Past Reviews

Regional Reviews: Minneapolis/St. Paul

Before You Were Alive
Illusion Theater
Review by Arthur Dorman | Season Schedule

Also see Arty's reviews of Journey's End, A New Brain, Unknown


Beth Gilleland
Photo by Lauren B Photography
Before You Were Alive is a labor of love, in the fullest sense of the word, for writer and performer Beth Gilleland. Gilleland has a long association with Illusion Theater, where Before You Were Alive was developed and is now having a world premiere production. A one-woman show featuring Gilleland and an onstage musician, it is funny, endearing, moving, and 100 percent tenderhearted

The show feels very much like a family affair. Early on, Gilleland tells the audience that, much to her surprise, at the age of forty-two, she fell in love with a family: father, daughter, son and dog. The father was a man who had, the pervious year, lost his wife to cancer. The daughter was his child from a previous marriage, with whom he shared custody with his ex-wife. The son, child of the father and his late second wife, was on the cusp of turning five without a mother. We never hear a great deal about the dog, but it seems like an affable pooch.

Before You Were Alive primarily deals with the close bond formed between Gilleland and the boy, developing as an independent entity even as she continued to draw closer to the father as well, eventually moving in with the family, thus becoming a part of it. This series of anecdotes begins with her attempt, after only dating the father for a few months, to assist him—and earn some approval points from his extended family and friends—in bringing a more gracious level of hospitality to the boy's haphazardly thrown together fifth birthday. It is an amusing story seasoned with irony and heart, and starts the show off on a very good foot.

Gilleland never reveals the names of any of these family members, referring only to the father, the boy, the daughter, and first mom. It is an interesting choice, but works well, creating a feeling of the playwright telling stories in which she happens to be a character, as opposed to telling us about her own life, deflecting the focus from herself and onto the boy. Over the course of Before You Were Alive, many more sweetly funny stories are told, as well as some that are sweetly sad, concerning the failing health of the boy's birth mother, with whom Gilleland had been acquainted. By the end of the program, the boy is ten years old, making it through his first decade of life with the love and unflinching support of two wonderful women.

These anecdotes, drawn upon fairly common life experiences, are enlivened by the boy's voice, which, it appears, contains a touch of the poet. For example, an evening playtime gets out of hand and Gilleland—whom he calls Bethy—calls it to an end and whisks the boy off to take his nighttime bath. The boy, sobbing about his game being so rudely curtailed, cries out "Nobody better take a bath in my bathwater, cause it's full of tears!". For her part, Gilleland, while clearly a beacon of kindness and good sense, owns up to just enough prickliness to give the stories a keen edge. And of course, there is the unfiltered inquisitiveness of young children, as when the boy at age five is taken off to bed and asks the father if he and Bethy are going to have a "sleepover."
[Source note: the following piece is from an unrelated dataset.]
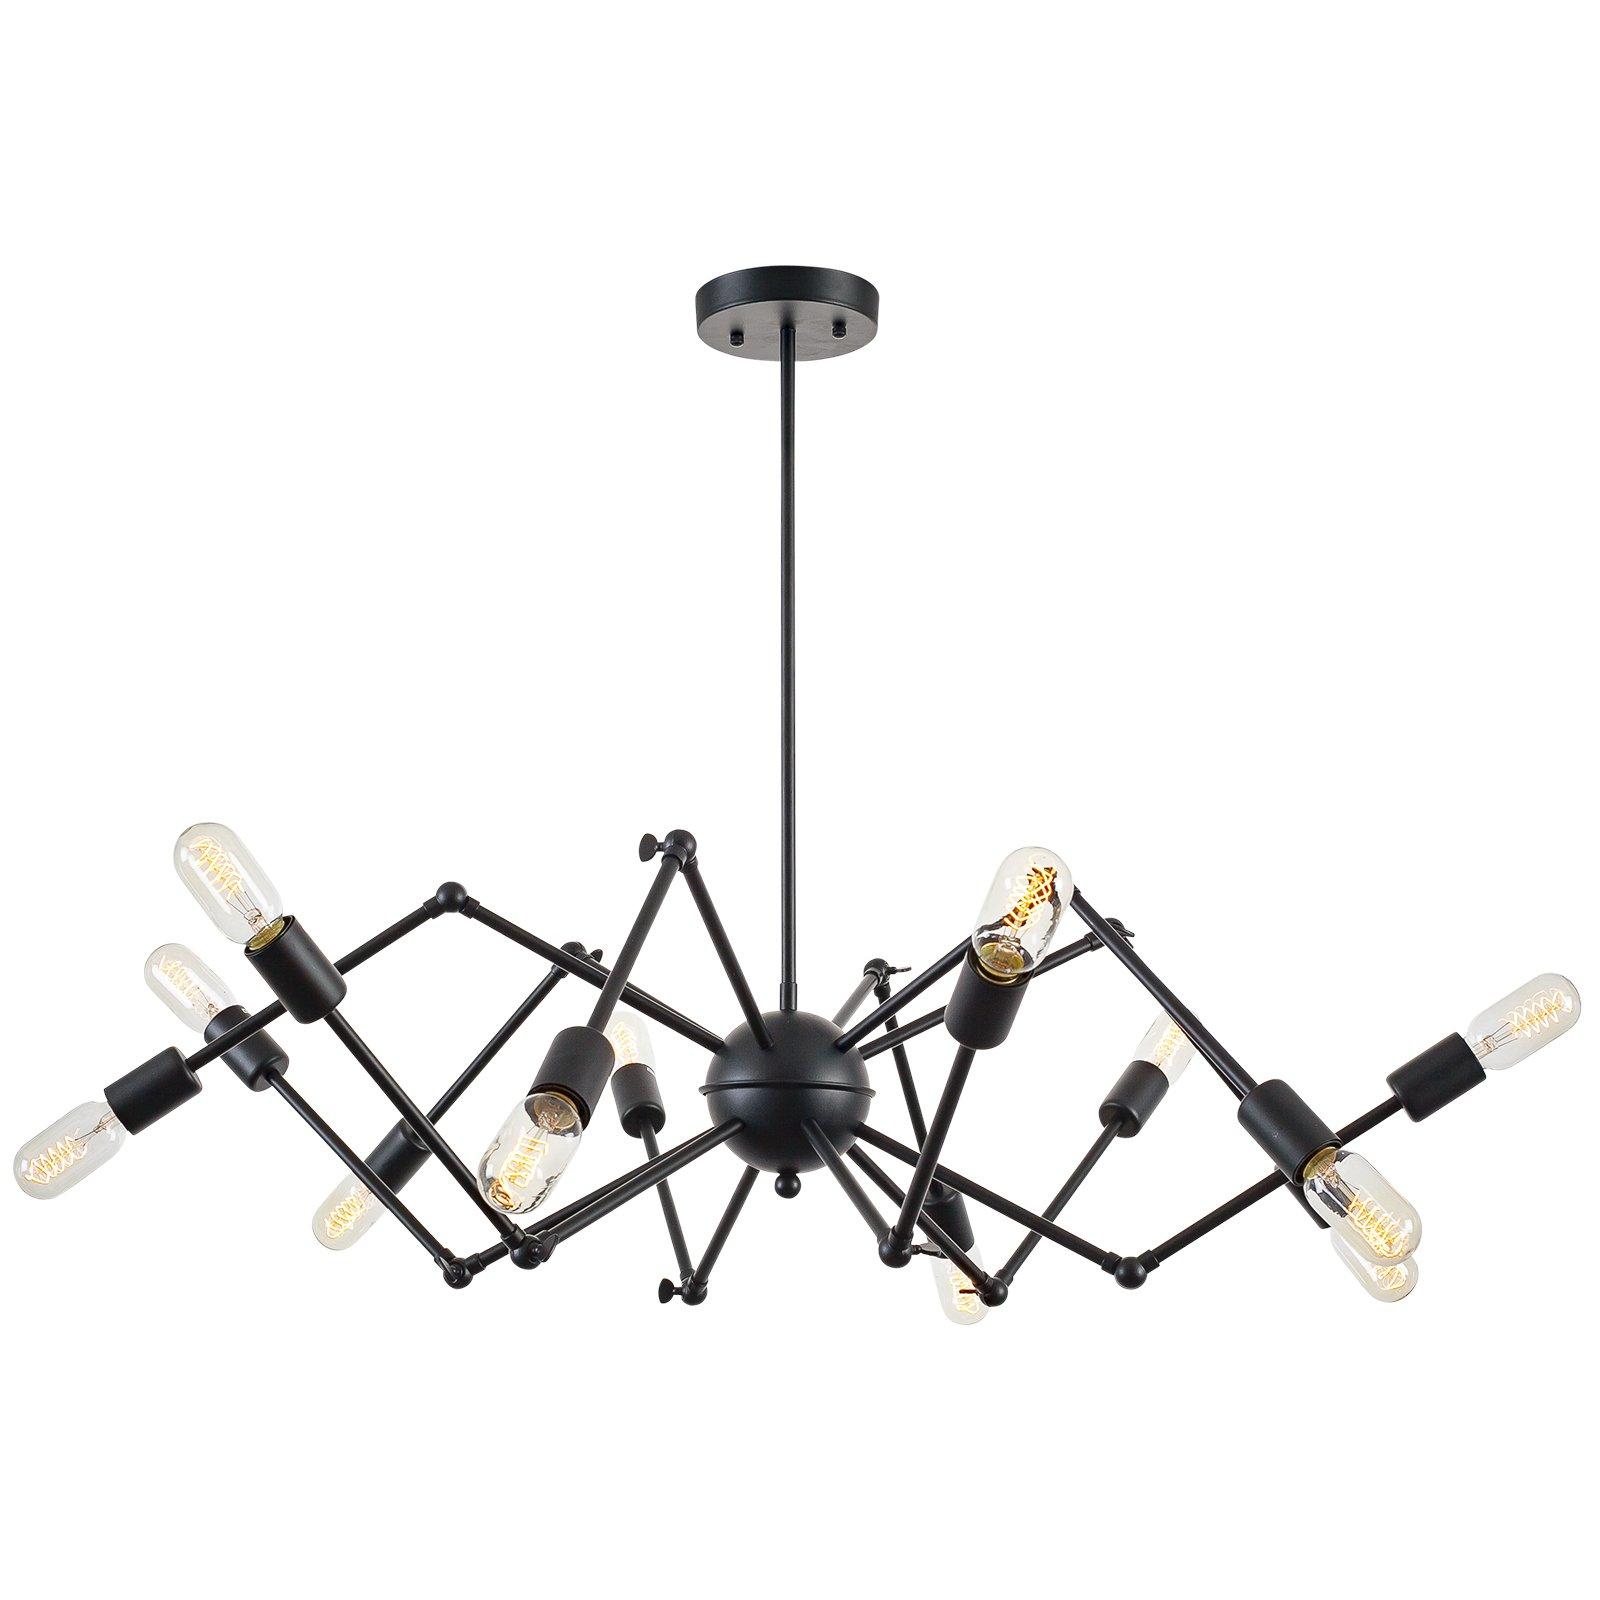 Light Society Arachnid 12-Light Chandelier Pendant, Matte Black, Mid Century Modern Industrial Starburst-Style Lighting Fixture (LS-C111-BLK)

Throughout the eighty-minute piece, the stories are accompanied or introduced with music—piccolo or saxophone—played by DB Carlson, some familiar tunes that match the story being told, others Carlson's original compositions. About midway, he performs an extended jazz-infused saxophone piece, one that issues swirling notes that give a sense of being carried away by feelings and thoughts, while allowing Gilleland to take an on-stage break from her lengthy narration.

Tech elements in this production are modest, but Dean Holzman provides three stylish banners hung from ceiling to floor that provide visual interest, and Barb Portinga has designed a costume for Ms. Gilleland that combines homey warmth with a flair of hipster artiness. Mike Wangen's lighting is well coordinated with the swells and recesses in the narratives' emotional path.

Though the story travels over gentle highs and lows, rather than huge peaks and valleys, Gilleland has devised it to end with a hugely welcome surprise. Before You Were Alive leaves you feeling warmth and goodness, with an appreciation for the many ways in which loving families can be formed. It is a mild entertainment, but one that nurtures the heart, a welcome reinforcement in a world where so much in our culture and politics chip away at it.

Before You Were Alive runs through November 9, 2019, at Illusion Theater, 528 Hennepin Avenue, Minneapolis MN. Tickets: $17.00 - $30.00. For tickets and information, call 612-339-4944 or visit illusiontheater.org.

Playwright: Beth Gilleland; Music: DB Carlson; Director: Michael Robins Fern; Set Design: Dean Holzman; Technical Director: Robin McIntyre; Costume Design: Barb Portinga; Lighting Design: Mike Wangen; Sound Design: Abe Gabor; Technical Director: Aaron Schoenrock; Stage Manager: Janet Hall.

Cast: Beth Gilleland (herself), DB Carlson (music).